Volatility has become a hot topic in this era of instant communications, spawning a great deal of research in empirical finance and time series econometrics. Providing an overview of the most recent advances, Handbook of Volatility Models and Their Applications explores key concepts and topics essential for modeling the volatility of financial time series, both univariate and multivariate, parametric and non-parametric, high-frequency and low-frequency.

Featuring contributions from international experts in the field, the book features numerous examples and applications from real-world projects and cutting-edge research, showing step by step how to use various methods accurately and efficiently when assessing volatility rates. Following a comprehensive introduction to the topic, readers are provided with three distinct sections that unify the statistical and practical aspects of volatility:

  • Autoregressive Conditional Heteroskedasticity and Stochastic Volatility presents ARCH and stochastic volatility models, with a focus on recent research topics including mean, volatility, and skewness spillovers in equity markets

  • Other Models and Methods presents alternative approaches, such as multiplicative error models, nonparametric and semi-parametric models, and copula-based models of (co)volatilities

  • Realized Volatility explores issues of the measurement of volatility by realized variances and covariances, guiding readers on how to successfully model and forecast these measures

Handbook of Volatility Models and Their Applications is an essential reference for academics and practitioners in finance, business, and econometrics who work with volatility models in their everyday work. The book also serves as a supplement for courses on risk management and volatility at the upper-undergraduate and graduate levels.

About the Author

Luc Bauwens, PhD, is Professor of Economics at the Université catholique de Louvain (Belgium), where he is also President of the Center for Operations Research and Econometrics (CORE). He has written more than 100 published papers on the topics of econometrics, statistics, and microeconomics.
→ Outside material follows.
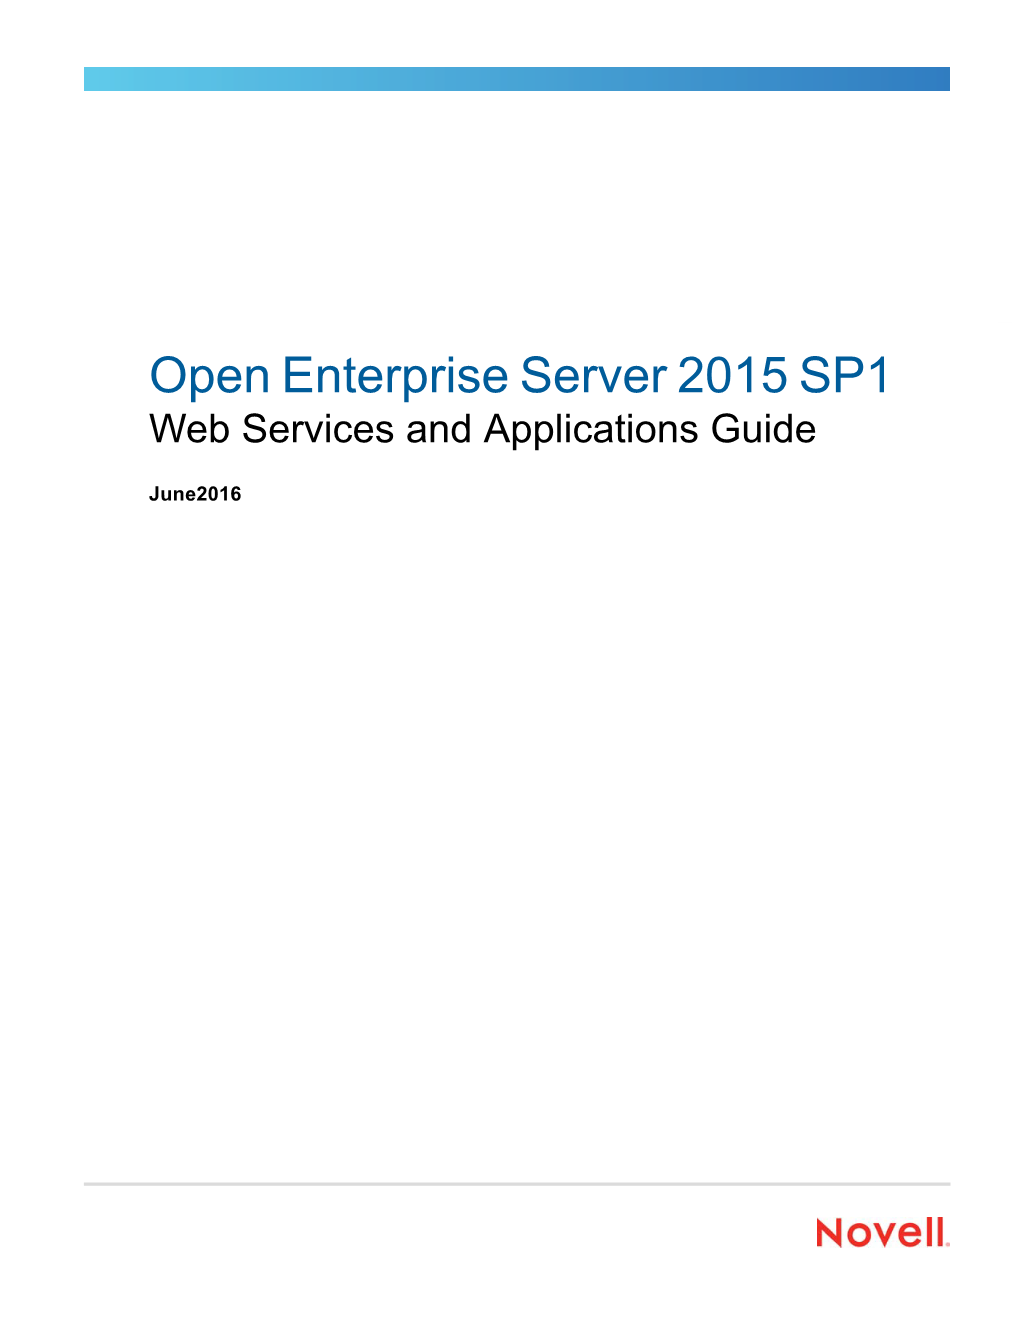 Open Enterprise Server 2015 SP1 Web Services and Applications Guide

Christian Hafner, PhD, is Professor and President of the Louvain School of Statistics, Biostatistics, and Actuarial Science (LSBA) at the Université catholique de Louvain (Belgium). He has published extensively in the areas of time series econometrics, applied nonparametric statistics, and empirical finance.

Sebastien Laurent, PhD, is Associate Professor of Econometrics in the Department of Quantitative Economics at Maastricht University (The Netherlands). Dr. Laurent's current areas of research interest include financial econometrics and computational econometrics.